Assistant Examiner: Donovan; Lincoln
Attorney, Agent or Firm: Laff, Whitesel, Conte &
Saret
Claims
What is claimed is:
1. A mercury wetted contact switch comprising:
a sealed housing;
mercury sealed inside said housing;
a fixed contact side cylindrical electrode with a hollow area, said
fixed contact being hermetically fitted through and sealed to one
end of said housing and having a flat magnetic pole section formed
at one end of the electrode within said housing, the magnetic pole
section and the internal face of the cylindrical electrode being
wettable with said mercury, and said mercury being maintained in
the hollow area within said cylindrical electrode, at least one
hole formed in said flat magnetic pole section reaching into the
hollow area to supply the mercury to the surface of said flat
magnetic pole secton;
a movable contact side electrode hermetically fitted through and
sealed to the other end of said housing;
an armature which is unwettable with said mercury and which is
positioned at one end of said movable contact side electrode to
swing toward or away from said magnetic pole section; and
a movable contact which is wettable with said mercury and fastened
to said armature for coming into contact with or breaking away from
said magnetic pole section, the movable contact having a selected
one of a conical shape, a semispherical shape, or a prismoidal
shape.
2. A mercury wetted contact switch, as claimed in claim 1 wherein a
gap between a face of said armature and an inner face of said
housing is smaller than a contact gap between said movable contact
and said magnetic pole section.
Description
BACKGROUND OF THE INVENTION
1. Field of the Invention
The present invention relates to a mercury wetted contact switch
(hereinafter referred to simply as "mercury switch") and, more
particularly, to a position-insensitive murcury switch.

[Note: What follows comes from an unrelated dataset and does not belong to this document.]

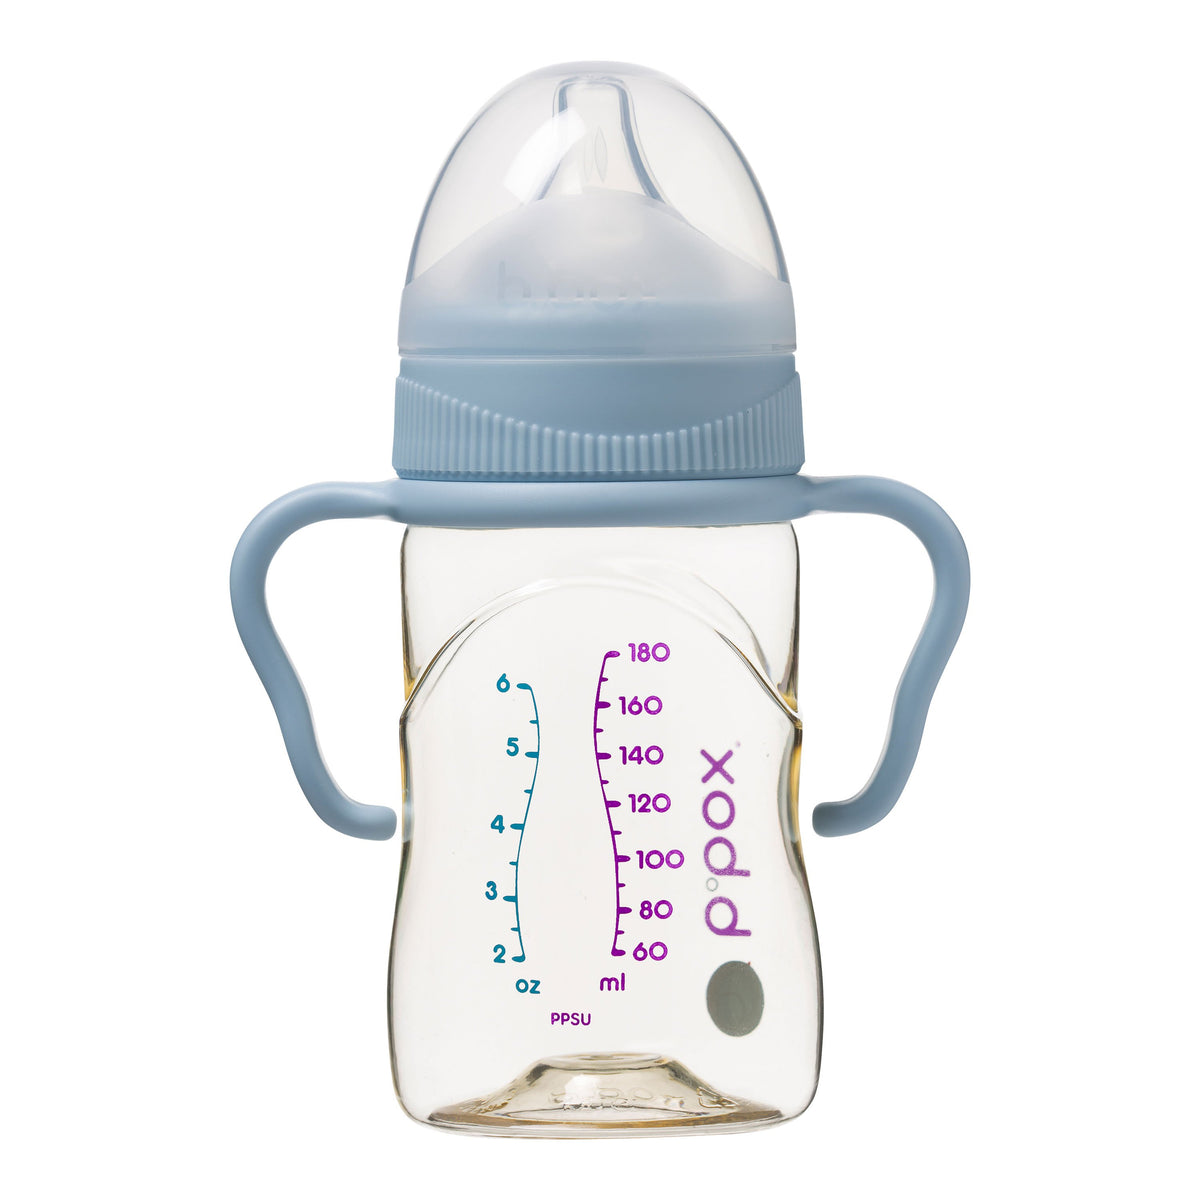 bbox-baby-bottle-anti-colic-teat-set-of-2-stage-3-6-month+- (5)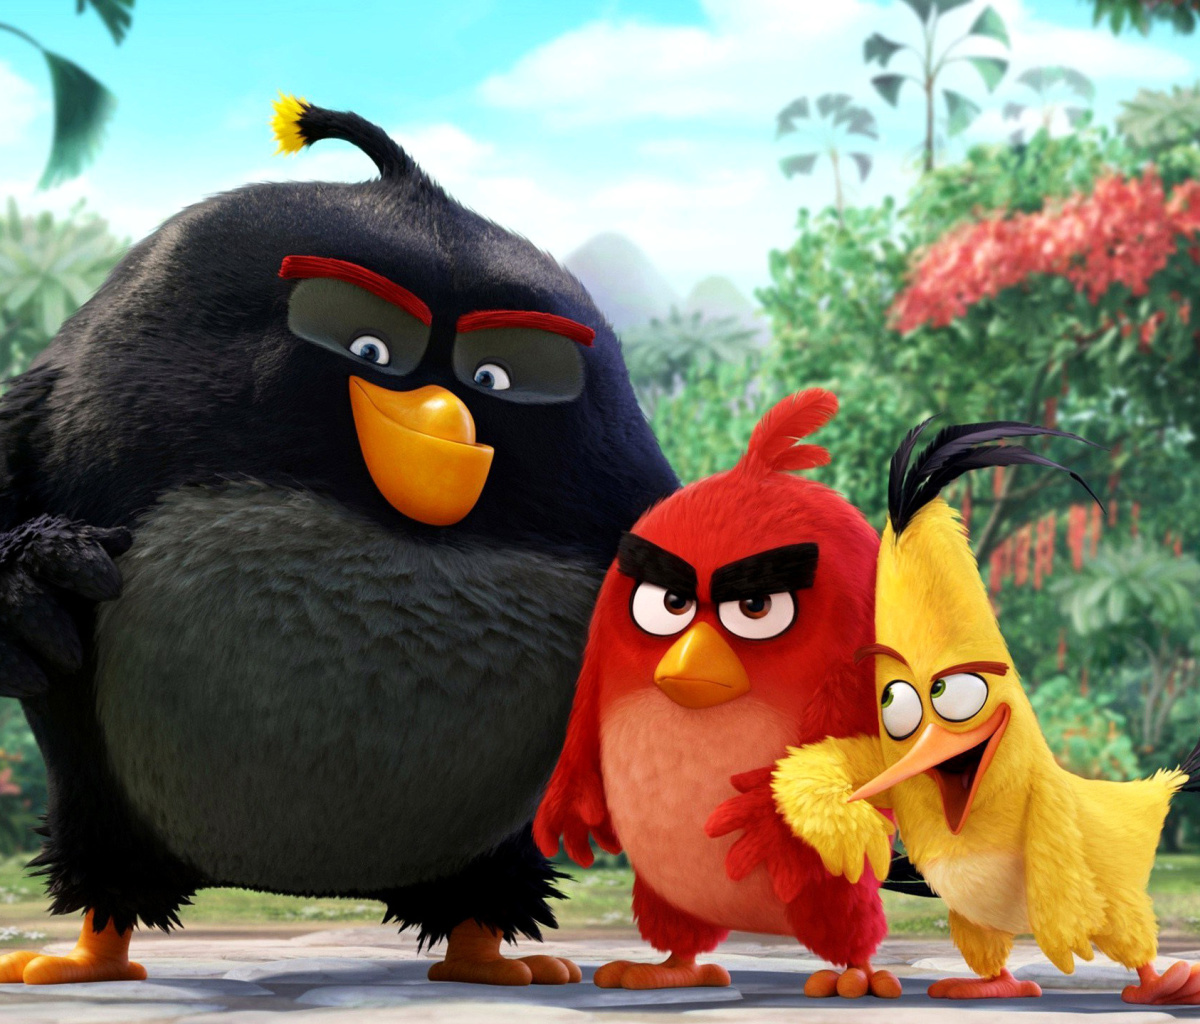 The Angry Birds Comedy Movie 2016 wallpaper 1200x1024

2. Description of the Prior Art
In mercury swtich whose contact resistance is stabilized,
chattering is prevented. The useful life of the switch is extended
by forming a lasting film of conductive fluid (mercury) on the
contacting part of each of the movable contact member and the fixed
contact member, both of which are sealed in a container. This type
of switch is used in various fields of many industry. If a switch
has a large quantity of mercury sealed in its housing, to be
supplied to the contacting parts, it is prevented from the normal
operation by the movements of the pool of mercury unless its
attitude of use is properly restricted. As a result, the switch
tends to have limited applications. For this reason, a
position-insensitive mercury switch is one for enabling a normal
operation in any attitude, by appropriately limiting the quantity
of mercury thereof.
A position-insensitive mercury switch, known in the prior art will
be described below with reference to FIG. 1. A fixed side electrode
11 is positioned at one end of a sealed housing 13. An armature 12a
of a movable side electrode 12 is positioned at the other end of
the housing 13, these two electrodes being opposite each other in
this housing 13. The armature 12a is connected to a stem 12c by way
of a hinge spring 12b. The surface of the stem 12c within the
housing 13, the armature 12a, the spring 12b and a fixed electric
contact 11b positioned on a magnetic pole section 11a of the
electrode 11 are all wetted with mercury. Meanwhile, the pole
section 11a is treated so that it is not wetted with the mercury.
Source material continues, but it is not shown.